Prioritätsinversion, auch Prioritätsumkehr genannt, (englisch priority inversion) ist ein Problem der Informatik, das beim Prioritätsscheduling auftreten kann.
An einer Prioritätsinversion sind mehrere Prozesse oder Threads mit unterschiedlicher Priorität und eine Ressource beteiligt. Die Ressource wird hierbei mit wechselseitigem Ausschluss exklusiv belegt (etwa durch die Verwendung eines Semaphores).
Ein Prozess mit hoher Priorität will auf eine Ressource zugreifen, kann dies aber nicht, da die Ressource bereits von einem niedriger priorisierten Prozess belegt ist. Der hoch priorisierte Prozess muss warten, bis der andere Prozess die Ressource wieder freigibt. Dadurch sind die Prozess-Prioritäten in einer ersten Form der Prioritätsinversion vertauscht.

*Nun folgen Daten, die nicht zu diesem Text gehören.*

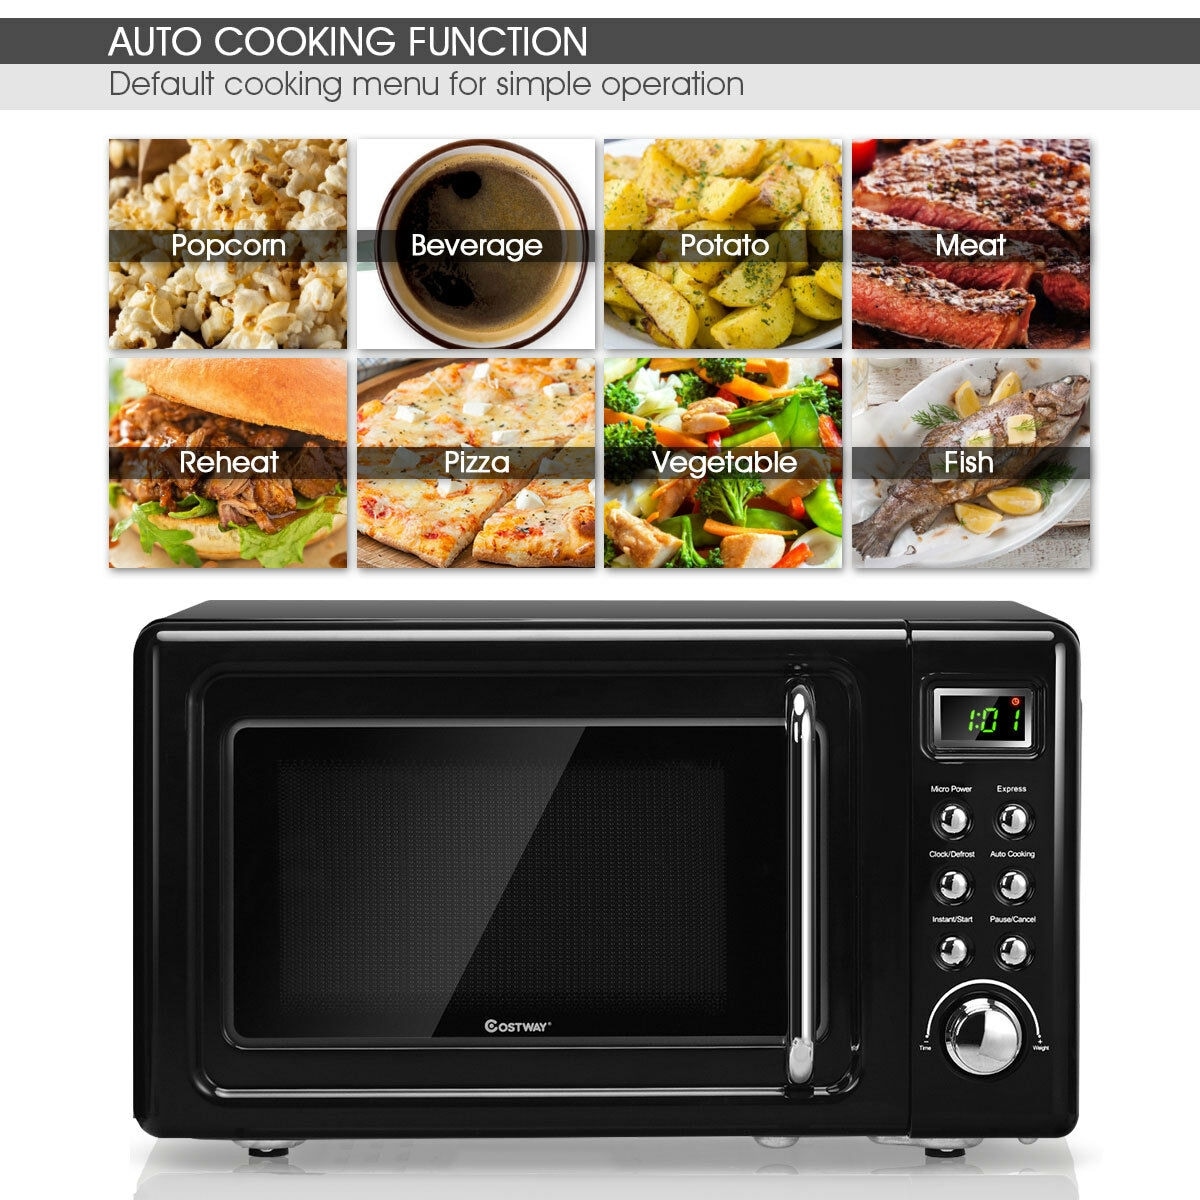 https://ak1.ostkcdn.com/images/products/is/images/direct/fa6eba810457a9328d681014291ee9c5eba0c269/Costway-0.7Cu.ft-Retro-Countertop-Microwave-Oven-700W-LED-Display.jpg

Existiert nun ein Prozess mit mittlerer Priorität, der die fragliche Ressource nicht verwendet, kann dieser mittel priorisierte Prozess den niedrig priorisierten verdrängen, d. h. der mittel priorisierte Prozess wird anstelle des niedrig priorisierten Prozesses ausgeführt. Der niedrig priorisierte Prozess kann die Ressource nun nicht mehr freigeben, so dass der hoch priorisierte Prozess nicht zur Ausführung kommt. Damit hindert der mittel priorisierte Prozess indirekt auch den hoch priorisierten Prozess an der Ausführung, was er nach dem Prinzip des Prioritäts-Schedulings nicht darf. Die Priorität des hoch priorisierten Prozesses und des mittel priorisierten Prozesses sind somit in einer zweiten Form der Prioritätsinversion vertauscht.[1]
Ein berühmtes Problem, das auf diesen Fehler zurückgeführt wurde, ist der Beinahe-Verlust der Pathfinder-Marssonde.[1]
Obwohl das Problem seit den 70er Jahren bekannt ist, ist noch keine optimale Lösung gefunden worden. Zwei bekannte Lösungsansätze sind die Prioritätsgrenze oder -schranke (Priority Ceiling) und die Prioritätsvererbung (Priority Inheritance). Beim Zugriff auf bestimmte Datenstrukturen können auch nicht-blockierende Synchronisationstechniken Abhilfe schaffen.
Einen weiteren Ansatz, um das Problem zu lösen, bietet Priority Aging. Hierbei wird die Priorität eines wartenden Prozesses mit der Zeit immer weiter angehoben, so dass er irgendwann einmal eine höhere Priorität als die laufenden Prozesse bekommt und damit zur Ausführung gelangt. Ursprünglich wurde diese Technik als Mittel gegen „Aushungern“ (engl. Starvation) eingeführt.[2] Angewandt auf den Fall der Prioritätsinversion, würde das Priority Aging bewirken, dass der niedrig priorisierte Prozess mit der Zeit eine höhere Priorität als der mittel priorisierte Prozess bekäme und diesen somit verdrängen würde. Damit könnte er zu Ende laufen, und die von ihm belegte Ressource würde wieder freigegeben, so dass nun der hoch priorisierte Prozess zur Ausführung kommen könnte und die Prioritätsinversion somit aufgehoben wäre.[3]